2013-08-20, Damnjanovic, Bojana, Weber, Annemarie, Odermatt, Meike, Greie, Jörg-Christian, Apell, Hans-Jürgen

The high-affinity potassium uptake system KdpFABC is a unique type Ia P-type ATPase, because it separates the sites of ATP hydrolysis and ion transport on two different subunits. KdpFABC was expressed in Escherichia coli. It was then isolated and purified to homogeneity to obtain a detergent-solubilized enzyme complex that allowed the analysis of ion binding properties. The electrogenicity and binding affinities of the ion pump for K+ and H+ were determined in detergent-solubilized complexes by means of the electrochromic styryl dye RH421. Half-saturating K+ concentrations and pK values for H+ binding could be obtained in both the unphosphorylated and phosphorylated conformations of KdpFABC. The interaction of both ions with KdpFABC was studied in detail, and the presence of independent binding sites was ascertained.

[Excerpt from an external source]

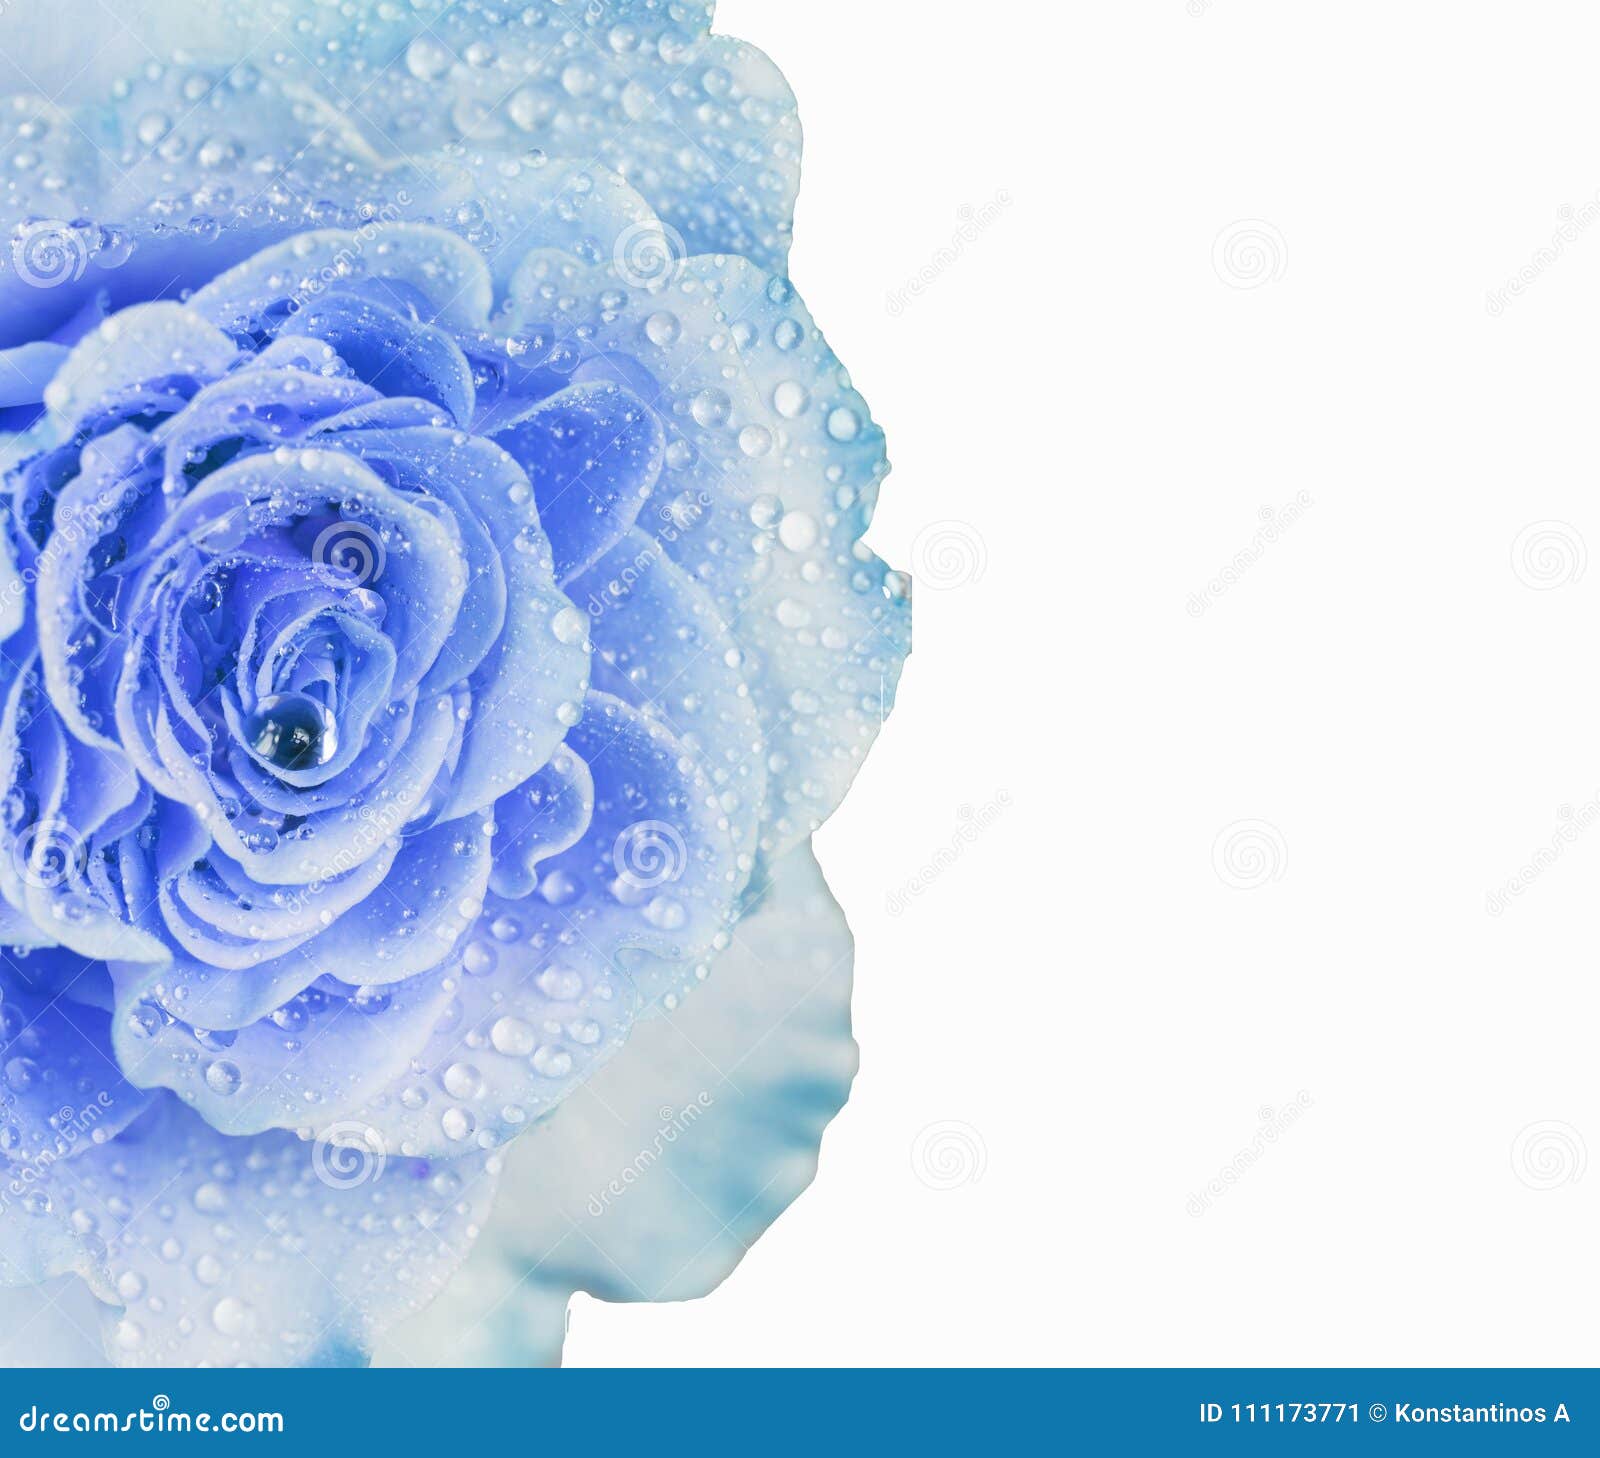 Fond De Spign De Rose De Bleu D'isolement Dans Le Blanc Image stock - Image  du conception, sensible: 111173771

It is proposed that KdpFABC reconstituted in vesicles translocates protons at a low efficiency opposite from the well-established import of K+ into the bacteria. On the basis of our results, various mechanistic pump cycle models were derived from the general Post–Albers scheme of P-type ATPases and discussed in the framework of the experimental evidence to propose a possible molecular pump cycle for KdpFABC.